De quoi sont-ils accusés ? D’avoir harcelé sur les réseaux sociaux, surtout entre 2009 et 2012, des collègues, de jeunes journalistes… Notamment par le biais de photos, de vidéos, de gifs animés, parfois de montages porno… Certains ont proféré des injures racistes, sexistes, homophobes, antisémites. D’autres ont aussi harcelé leurs victimes dans la vie réelle. Vendredi 8 février, le quotidien Libération a publié un article après que des tweets ont resurgi. Après cette parution, de nombreuses victimes, notamment des femmes, ont témoigné. 

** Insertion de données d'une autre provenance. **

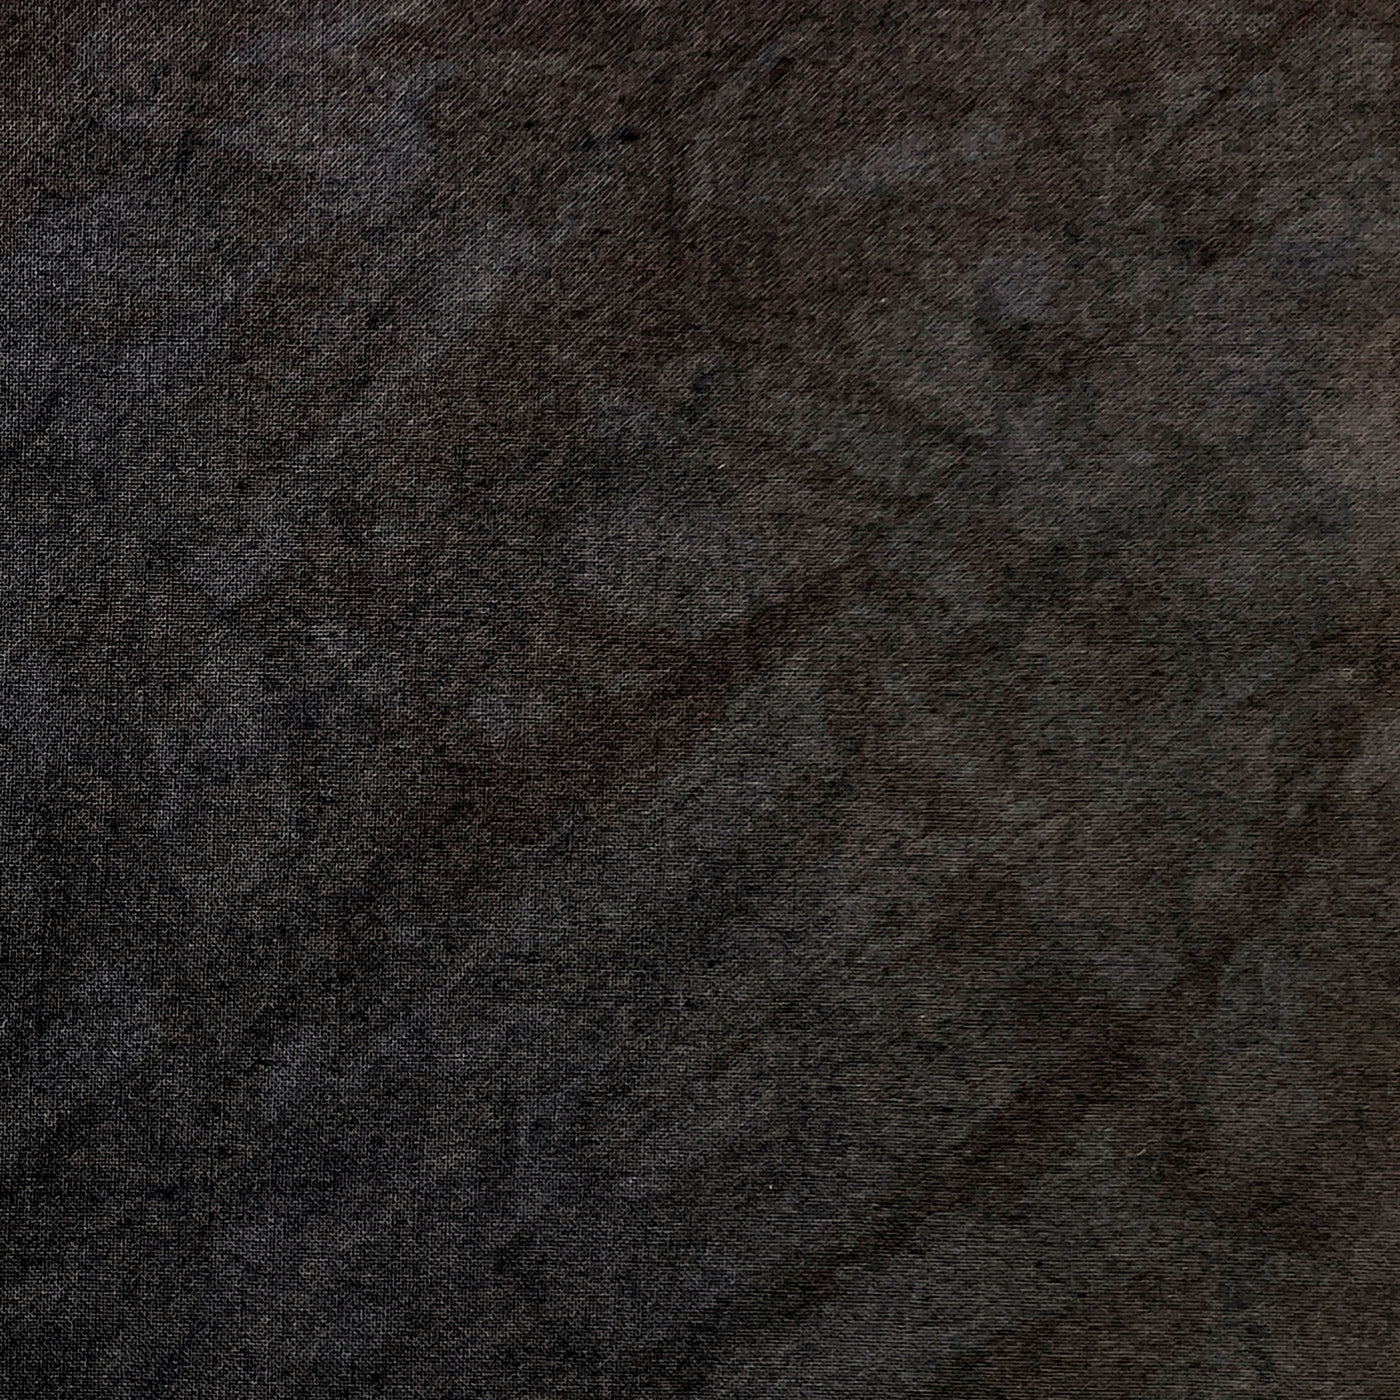 Cherrywood Hand Dyed Fabric - Charcoal 1310
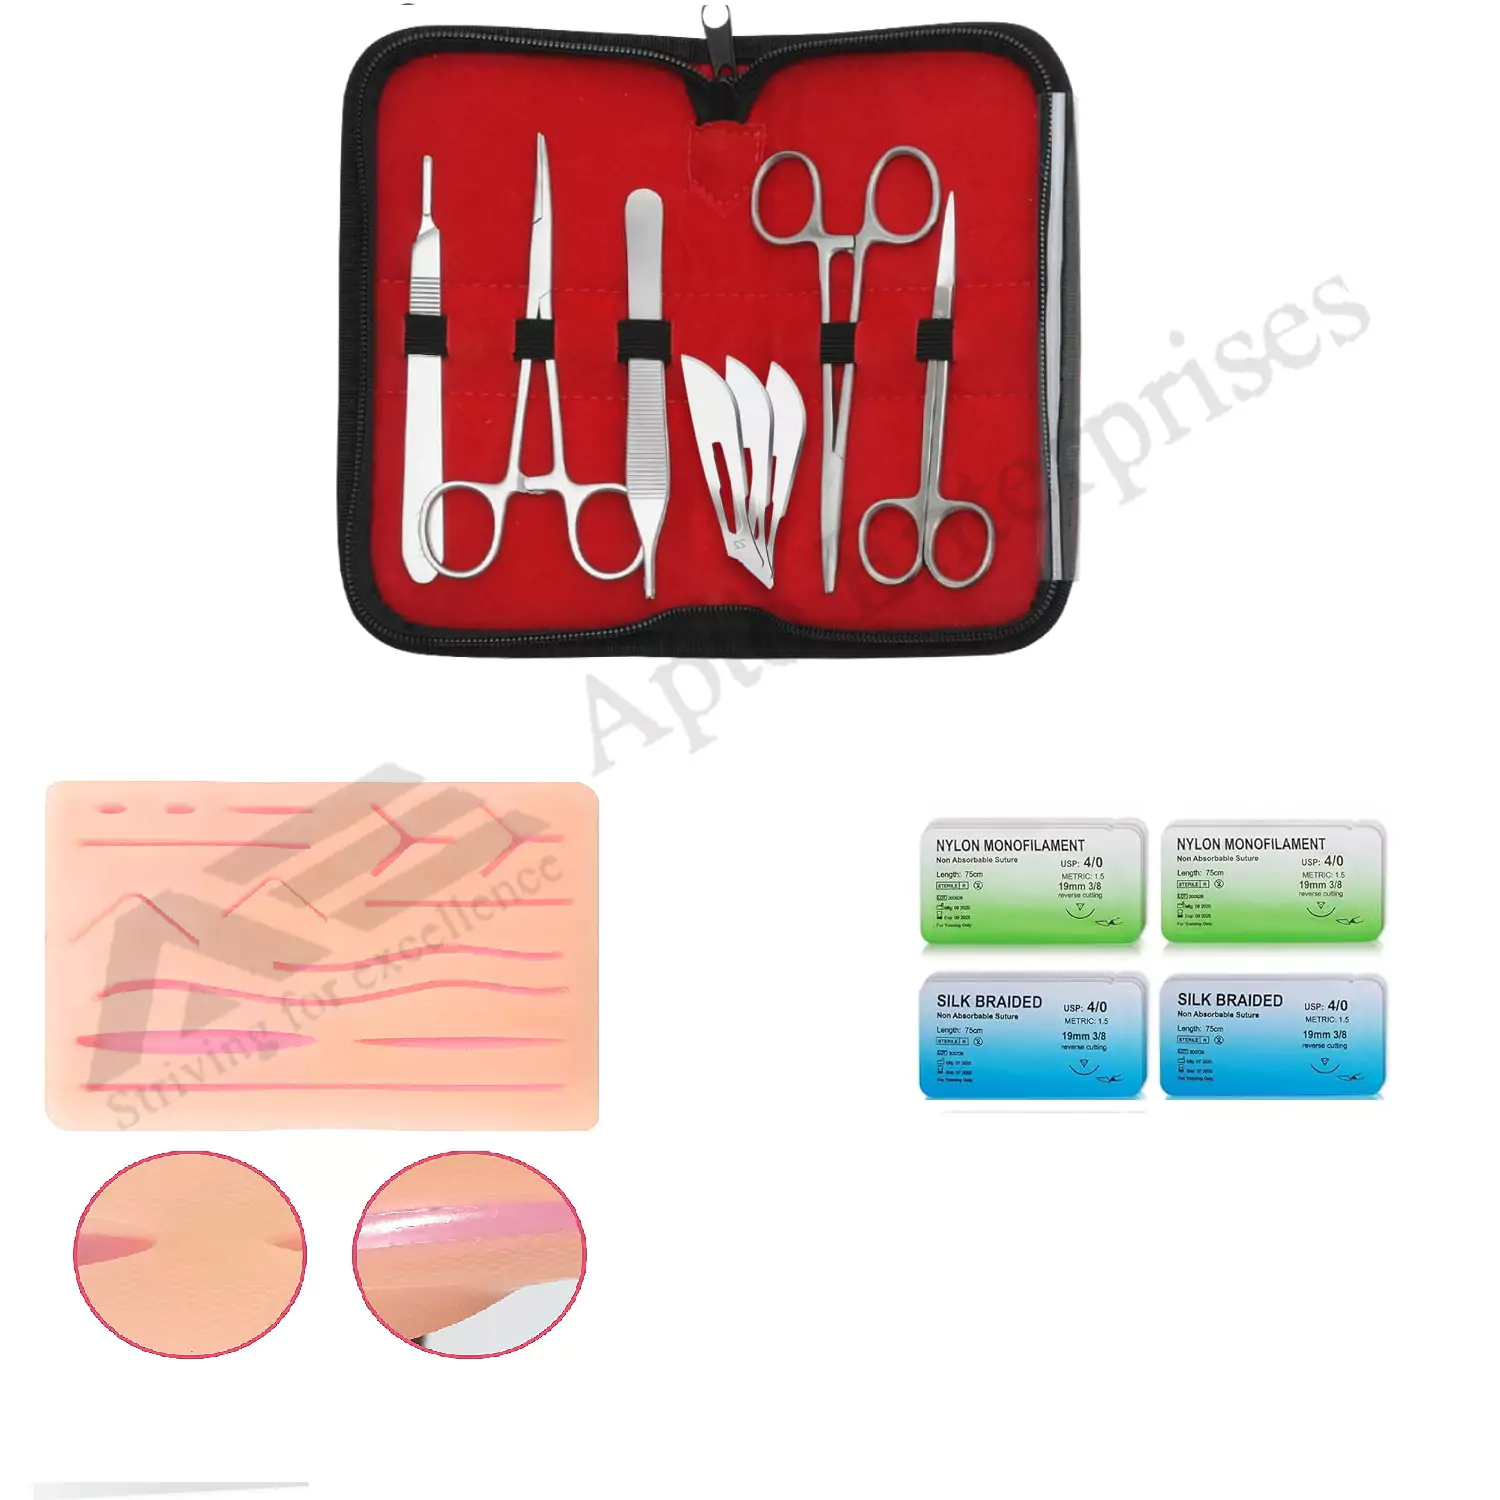 6. Essential Suture Education Kit with Mesh Reinforced Suture Pad

Vont-ils être condamnés ? La plupart des journalistes mis en cause ont publié des excuses. Cinq d’entre eux ont
été mis à pied à titre conservatoire (en attendant une décision définitive) par leur rédaction. D’autres médias ont mis fin à leur collaboration avec les personnes accusées. Certains journalistes ont quitté d’eux-mêmes leur poste. L’association SOS Racisme a demandé l’ouverture d’une enquête policière. Mais la plupart des faits sont prescrits.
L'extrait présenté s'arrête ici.